Plaintiff Lawyers to Finra: End ‘Absurd’ Arbitrator Removal Practices

AdvisorHub

by Miriam Rozen

January 22, 2026

Investor advocates sent a letter to the Financial Industry Regulatory Authority demanding it “cease immediately” an “absurd practice” of allowing parties to remove prospective arbitrators from ranking lists if they had previously ruled against them in a similar case.

Finra’s recent practice of allowing for those removals “significantly deviates from case law” and tilts the scales to favor the industry in arbitration, according to the missive, which was signed by Michael Bixby, president of Public Investor Advocate Bar Association. The letter was addressed to Finra CEO Robert Cook.
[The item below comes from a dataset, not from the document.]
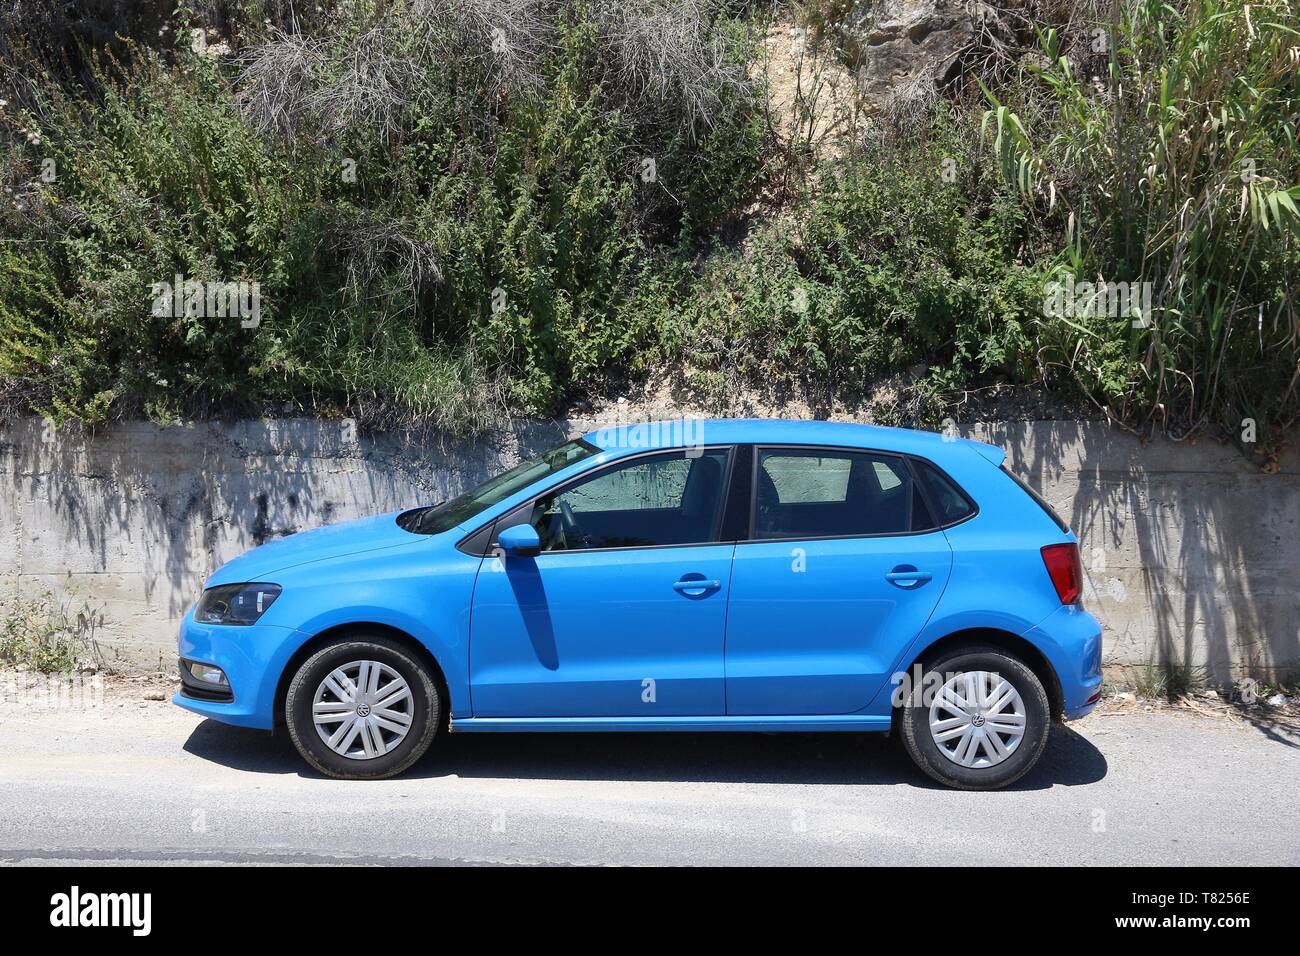 Haarvaten Spreek uit acre CORFU, GREECE - JUNE 2, 2016: VW Polo blue hatchback car parked in Corfu  Island, Greece. With 566 registered vehicles per 1000 inhabitants Greece is  b Stock Photo - Alamy

PIABA’s letter comes after a court brief filed by Stifel Financial earlier this month in a lawsuit related to a string of claims tied to Chuck Roberts, a former star broker in Miami. Stifel informed the court, where it is seeking to overturn a $133 million arbitration award, that Finra had granted its request to remove two candidates from a list of potential panelists in an upcoming arbitration.

Finra agreed with the basis of Stifel’s argument that the chair of that panel demonstrated her bias by ruling against it in a prior case also involving Roberts.

“It is reasonable to infer” that arbitrators “are biased or lack impartiality” when they have earlier awarded “substantial damages and attorneys’ fees” in cases that involve the same firms, financial advisor, supervisors and products, Finra wrote in granting Stifel’s removal.

Finra’s move to eliminate the arbitrators from its list of prospective panelists means that Stifel will be able to preserve the strikes that it can use to narrow down the list of potential arbitrators. Under Finra rules, both sides receive three lists of potential panelists and can remove a set number from each for any reason.

“Finra’s current practice tilts the scales in favor of the industry, directly undermines the arbitration system, wastes Finra resources and erodes confidence in the fairness of Finra,” Bixby wrote. “Ultimately, it also punishes arbitrators who award damages against brokerage firms and sends an intimidating message that holding brokerage firms accountable for misconduct is frowned upon and may result in removal from future cases.”

Two lawyers who have represented firms in arbitration said previously that they supported Finra’s policy because claimants on both sides should be entitled to present their case to a blank slate of arbitrators and not forced to argue in front of one that has already shown how they view the same set of facts and circumstances.

Investors could also take advantage of the same policy, noted Tom Lewis of Stevens & Lee in New Jersey. “Any precedential value will be limited, but it will be offered to both sides,” Lewis said previously.

But it would be harder for investors to take advantage of the policy given each complaint is brought by a different individual and often by a different law firm.

“If Finra’s apparent logic were applied consistently, any arbitrator who previously heard a Wells Fargo case would have to be removed from all future Wells Fargo cases,” Bixby added. “Any arbitrator who heard a case involving structured products could never hear another structured products case. Any arbitrator who presided over a churning dispute would be forever barred from hearing another churning case.”